Опираясь коленом о землю, я добрался до подсобки и вытянул оттуда топор. И уже отталкиваясь им от плитняка, вернул себя назад, к могильному септику и зловещей мушмуле с родины убиенного зверя. С ним тоже следовало покончить навсегда. Чтобы впредь неповадно было. С диким усилием, превозмогая боль в суставах и мозгу, я поднял себя на ноги, распрямился в рост, как сумел, и с замахом врубил топор в ствол проклятой мушмулы. Под самый корень. Я рубил и рубил, свирепо, неистово, остервенело, не помня себя, ощущая, что с каждым ударом ко мне возвращаются прежние силы. И это ободрило и обнадёжило меня. Я понял, что они, эти новые силы, помогут мне вернуться в дом и выложить на мраморе две дорожки, которые окончательно приведут мой организм в состояние умиротворённости и покоя…
Наконец несчастное дерево рухнуло, придавив стволом крышку септика. «Конец прекрасной эпохе», — подумал я, тупо выловив из мутного воздуха неожиданную строку из моего любимого Б., и добавил к ней мысленно: «Белоглазая чудь дальше смерти не хочет взглянуть. Жалко, блюдец полно, только не с кем стола вертануть…» И, отбросив топор, медленно направился в сторону дома. Меж тем изображение вновь начинало затягиваться мутью и раздваиваться, теряя фокус. Или это мутило меня, а не само изображение, не знаю, не помню. Внезапно я услышал, как внутри меня заработала лесопилка, громко, с эхом по всему телу, с неровным зазубренным перебоем и пронзительным визгом испускающего последний дух мушмулиного ствола. Звук плавно перерос в далёкий гул, словно исходил он уже не из сокровенных лесопильных сердцевин, а рождался где-то на планетах далёких небесно-голубых галактик. Но и это не стало мне помехой. Потому что теперь путь был свободен. С этой минуты между нами не стоял больше никто. Между мной, защитником и спасителем, и тем, кого я отныне берусь спасать и защищать. И я иду к тебе, слышишь, чудо моё? Я уже близко… я совсем рядом… я почти у цели… чтобы взять тебя уже окончательно и бесповоротно… чтобы достичь и защитить… И ты ждёшь меня, наверное, как я всю свою жизнь ждал тебя… мечтая о тебе и идя к тебе… сам не ведая о том и сам того не понимая… Ты слышишь меня?.. Чувствуешь?
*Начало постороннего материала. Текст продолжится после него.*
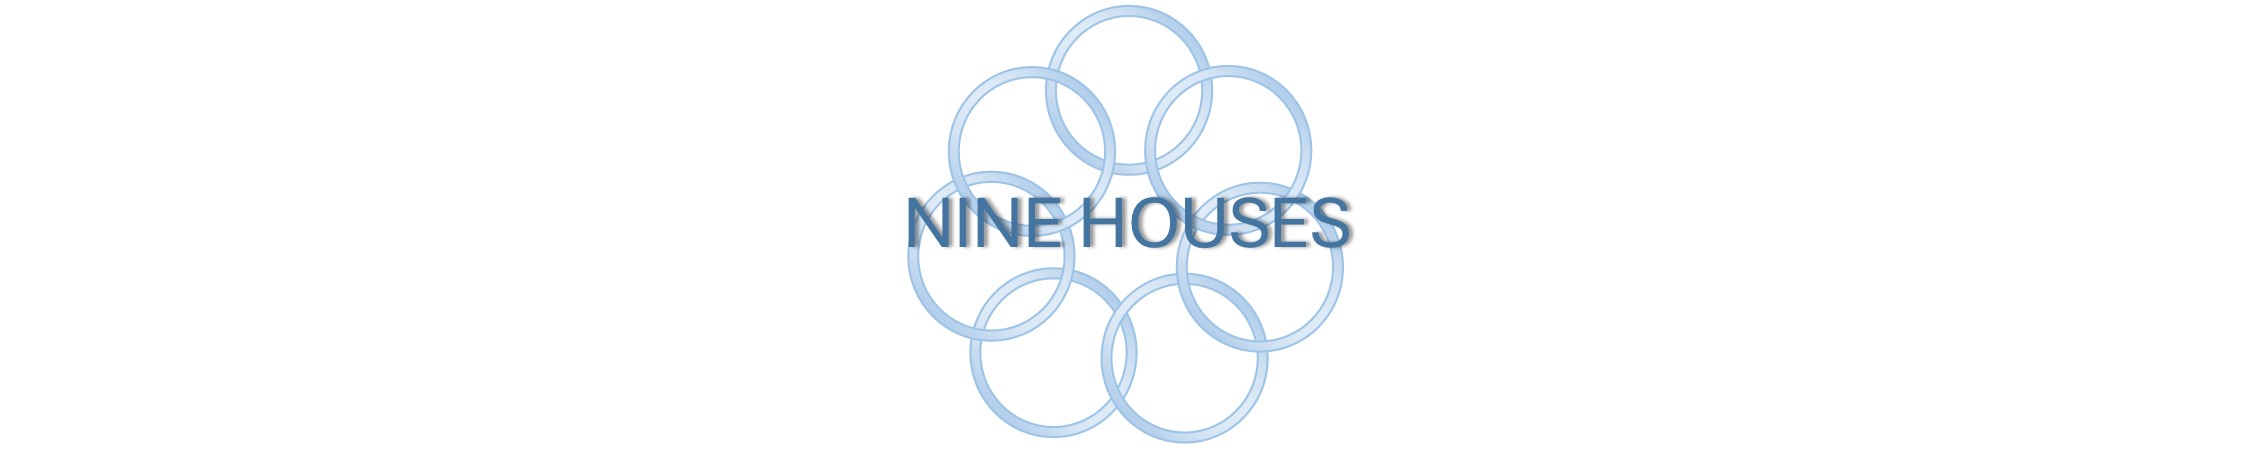 Nine Houses-Extras

И поверь, нам никогда не будет скучно… Веришь?.. Так скажи хотя бы слово, девочка моя… белочка моя скуластая, узкоглазая моя, чудо моё тонкогубое, с гладко натянутой бархатной кожей цвета спелого персика, от которой дневной свет отражается, оставляя после себя круглые сияющие медальки, обворожительное моё существо с мягким, покладистым, в старшую неродную сестру, характером, с призывно острыми балетными плечиками и по-детски костлявыми коленками, с тонюсенькими ломкими запястьями и точёными щиколотками, с завораживающими ямками под розовыми недоспелыми ягодичками, с мелко накрошенной сыпью трогательных веснушек вокруг носа и по рукам, с прямыми, один к одному, блестящими, вороньего колера, волосами, пахнущими мною и моим ахабинским гнездом…
Знай же, ангел мой, что я иду к тебе, чтобы любить тебя… и не дать никому в обиду, чтобы забрать тебя в настоящую, в истинную, в единственно неподдельную и полноценную жизнь, в которой нет места притворству и лжи, потому что тираж там доступен и всегда неограничен… И пусть теперь будет так, белочка моя драгоценная… ненаглядная моя и единственная моя Айгуль…
Очень прошу сотрудников и пациентов специальной психиатрической лечебницы № 7, в чьи руки по случайности или в силу умысла попадёт эта история болезни, по прочтении сжечь её и ни с кем не обсуждать!
Спасибо тебе, добрый человек, мой верный и преданный читатель. И храни тебя твой Бог, какой бы он ни был: белый, чёрный, бестелесный, плотский, небесный или земной…
Пациент Бург, душевнобольной, спецкорпус, палата по коридору дальше и направо.